If $|\vec a|=12$ and $|\vec b|=4\sqrt 3$ and $\vec b.\vec c=24$ , then find $|(\vec a \times \vec b) +(\vec c \times \vec a)|$ Let $\Delta PQR$ be a triangle. Let $\vec a = \vec {QR}, \vec b = \vec {RP}$ and $\vec c = \vec {PQ}$. If $|\vec a|=12$ and $|\vec b|=4\sqrt 3$ and $\vec b.\vec c=24$ , then find $|(\vec a \times \vec b) +(\vec c \times \vec a)|$
Actually this is an easy problem but I realised it only later. I am looking for a variety of solutions. Thank you .
I think the simplest solution is by first using the triangle equality.
 A: Hint: $|\vec{a}\times \vec{b} + \vec{c}\times \vec{a}|= |\vec{a}\times \vec{b}-\vec{a}\times \vec{c}|=|\vec{a}\times(\vec{b}-\vec{c})|$. But first use the law of cosine to find $|\vec{a}|^2 = |\vec{b}|^2+|\vec{c}|^2+ 2bc\cos(P)=|\vec{b}|^2+|\vec{c}|^2+2\vec{b}\cdot \vec{c}\Rightarrow 144 = 48+ |\vec{c}|^2 +48\Rightarrow |\vec{c}| = 4\sqrt{3}$. Also, using the identity: $|\vec{b}-\vec{c}|^2+|\vec{b}+\vec{c}|^2 = 2(|\vec{b}|^2+|\vec{c}|^2)\Rightarrow |\vec{b}-\vec{c}|^2 + |\vec{a}|^2 = 2(|\vec{b}|^2+|\vec{c}|^2)$. From this you can find $|\vec{b}-\vec{c}|$,and the angle between $\vec{a}$,and $\vec{b}-\vec{c}$ using the parallelogram $PQRS$. You should be done in few steps.

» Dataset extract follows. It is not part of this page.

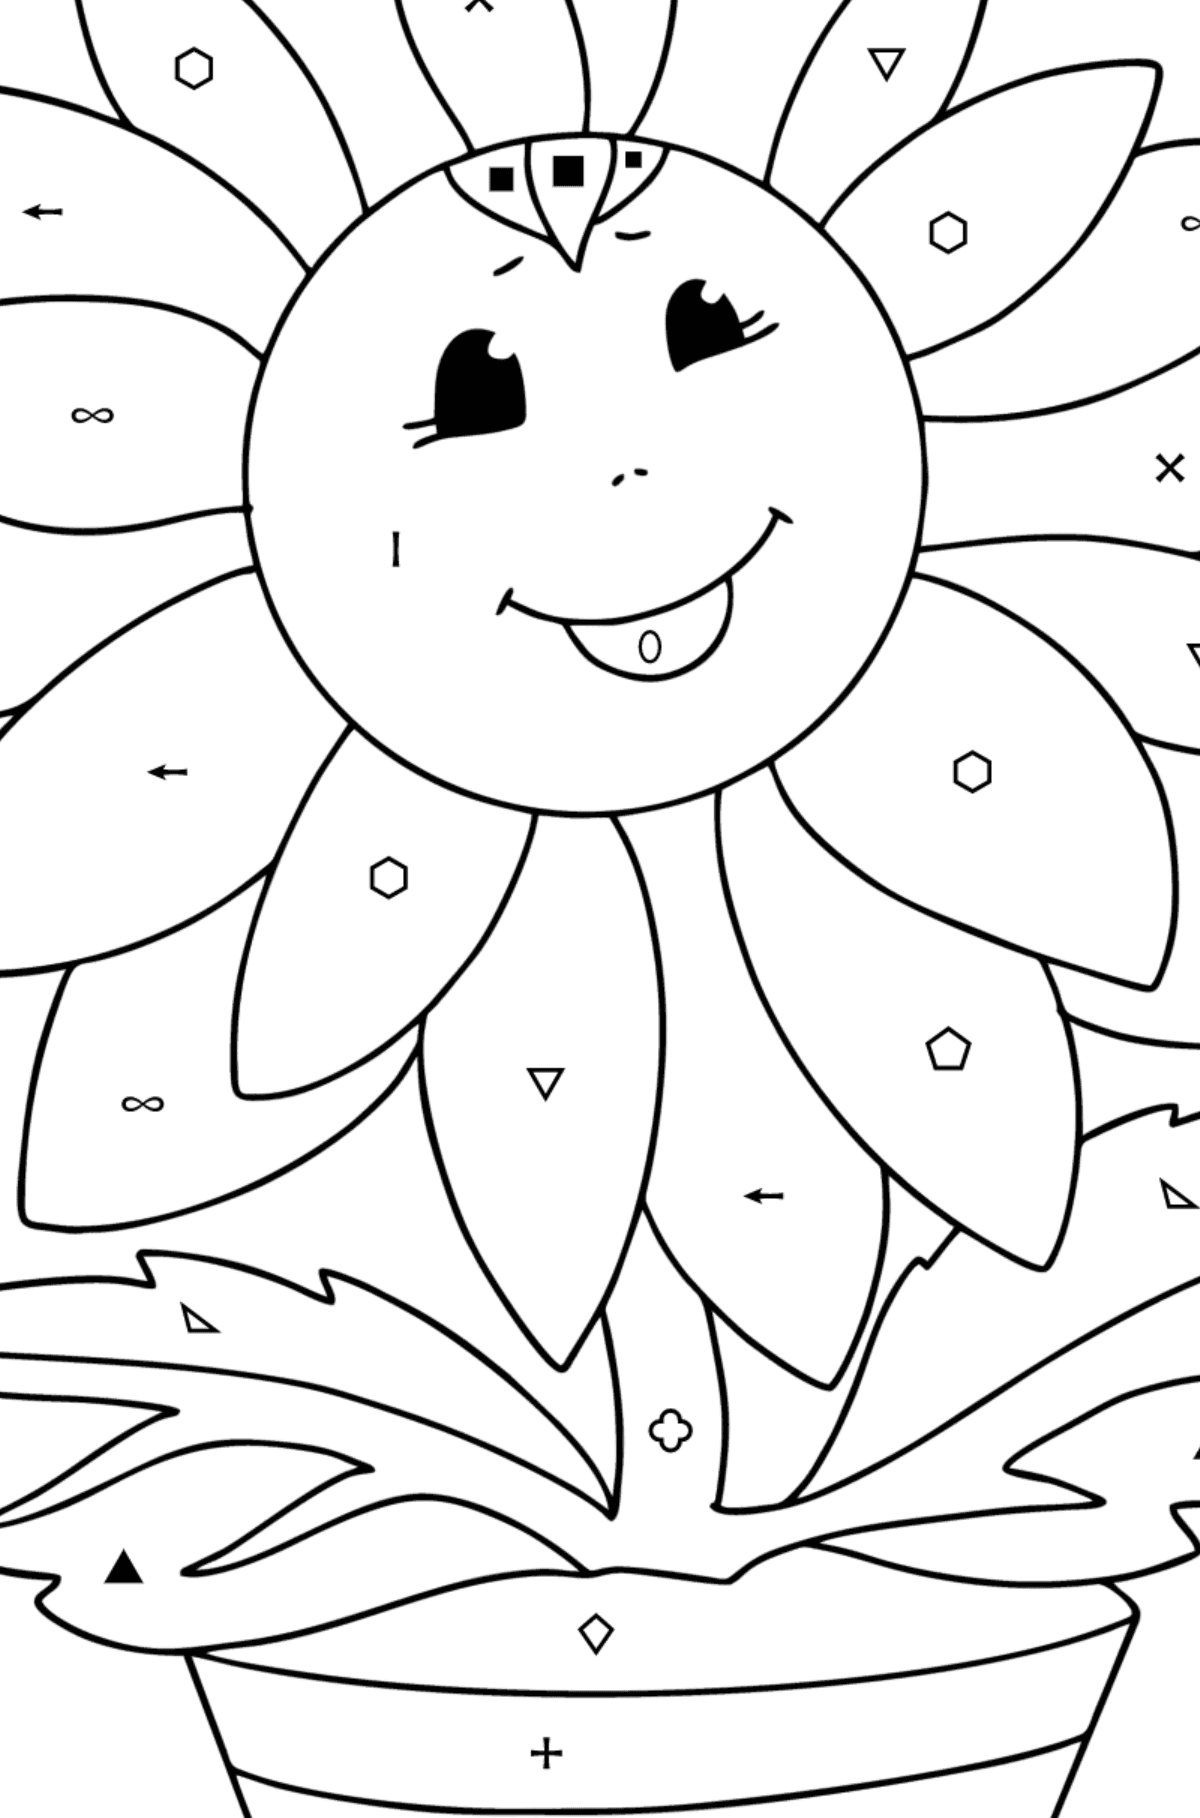 Sunflower with eyes coloring page - Coloring by Symbols and Geometric Shapes for Kids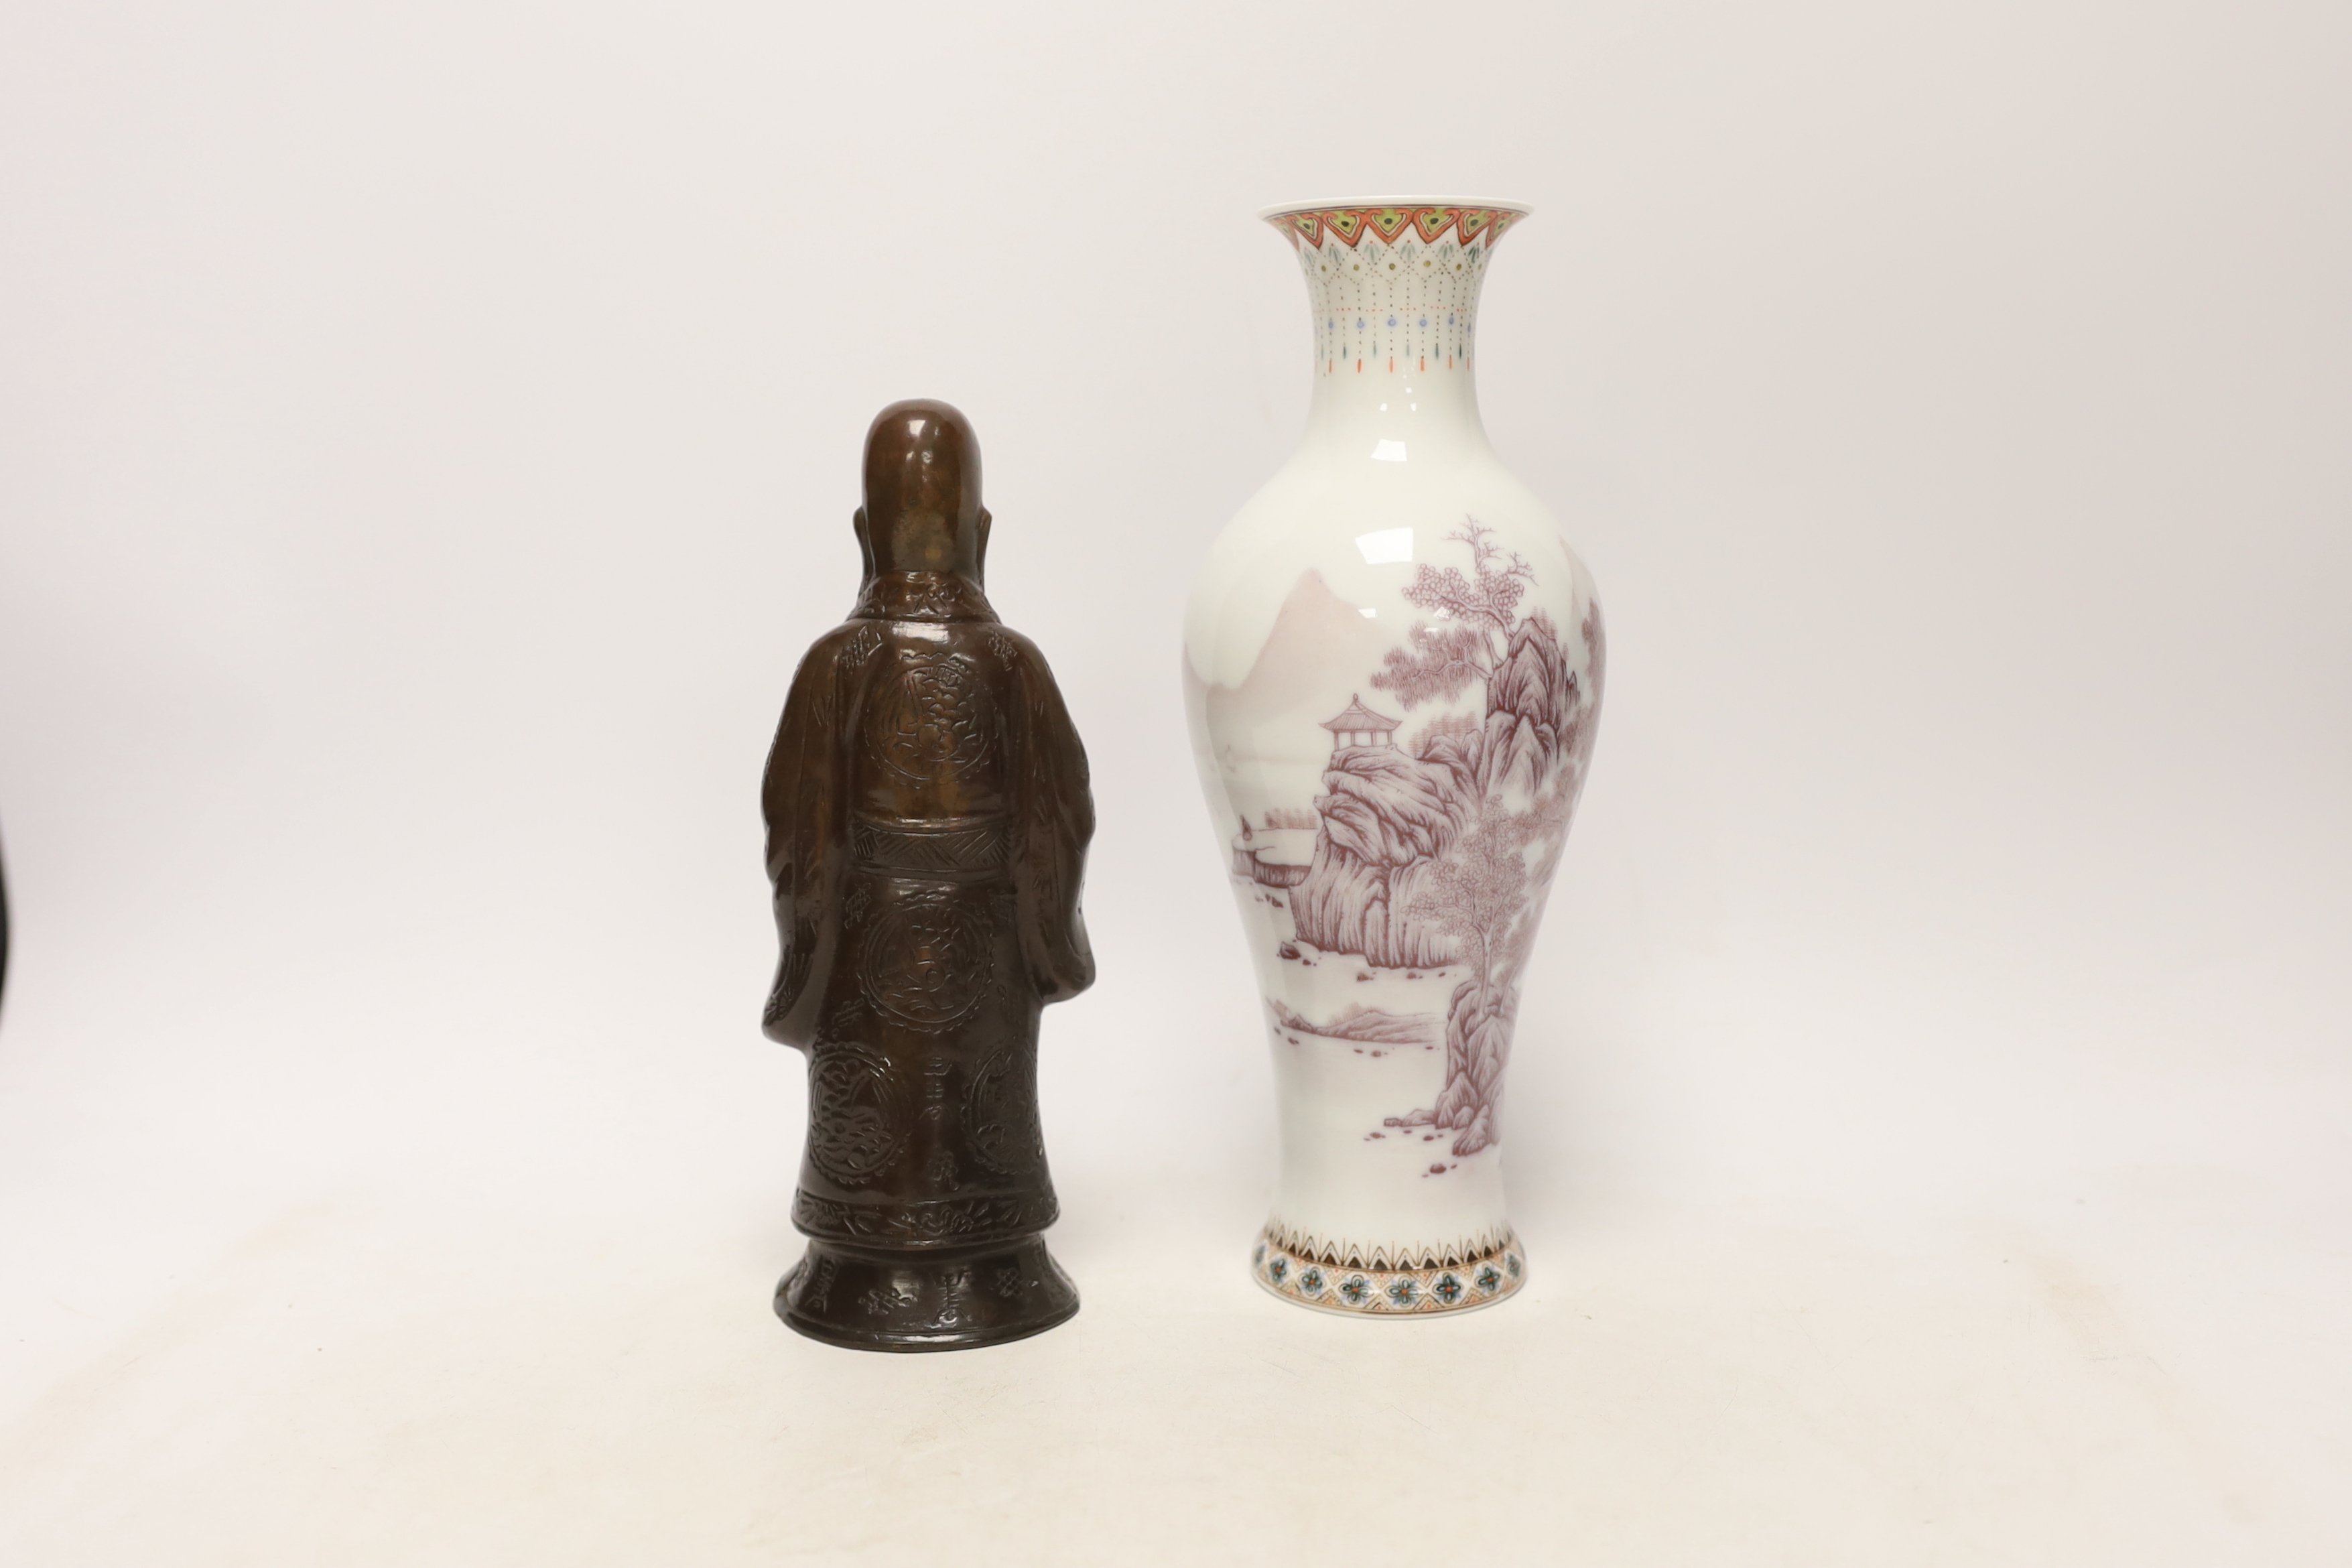 A Chinese bronze figure of Shou Lao and a Chinese Republic period vase, 1991, largest 26cm high - Image 2 of 4

Also $\triangle PQR$ is now isosceles.
A: One solution which provides a variety of results in the process of solution is as following:
By the triangle law of vectors, observe that $$\vec {PQ}+\vec {QR}+\vec {RP} =0$$
i.e $$\vec c+\vec a+\vec b =0$$
i.e $$\vec c = -\vec a -\vec b$$
Then again, we have $$\vec b.\vec c=24$$ 
or, $$2\vec b.\vec c=48$$
or, by using the cosine rule, $$b^2+c^2-a^2=-48$$
or, $$48+c^2-144=-48$$
or, $$|\vec c|^2=48$$
or, $$|\vec c|=4\sqrt3$$
So by using cosine rule and the values of $|\vec a|$,$|\vec b|$ and $|\vec c|$, you can calculate the sines and cosines of all $3$ angles.
Also note that $\vec a \times \vec b$ and $\vec c \times \vec a$ are coplanar. So they can be added algebraically.
Hence, $$|\vec a \times \vec b|+|\vec c \times \vec a|$$
$$=||\vec a |\cdot|\vec b|\cdot \sin (180^\circ-R) \cdot \hat n+ |\vec c|\cdot|\vec a |\cdot \sin (180^\circ-P) \cdot \hat n|$$
$$=||\vec a |\cdot|\vec b|\cdot \sin R + |\vec c|\cdot|\vec a |\cdot \sin P|\cdot|\hat n|$$
$$=|12\cdot4\sqrt3\cdot \sin R + 4\sqrt3\cdot 12 \cdot \sin P|\cdot 1$$
Now $$\sin^2 R = 1-\cos ^2R = 1-\frac{b^2+c^2-a^2}{2bc}$$
and $$\sin^2 P = 1-\cos ^2P = 1-\frac{a^2+c^2-b^2}{2ac}$$
Hope you can calculate the rest on your own.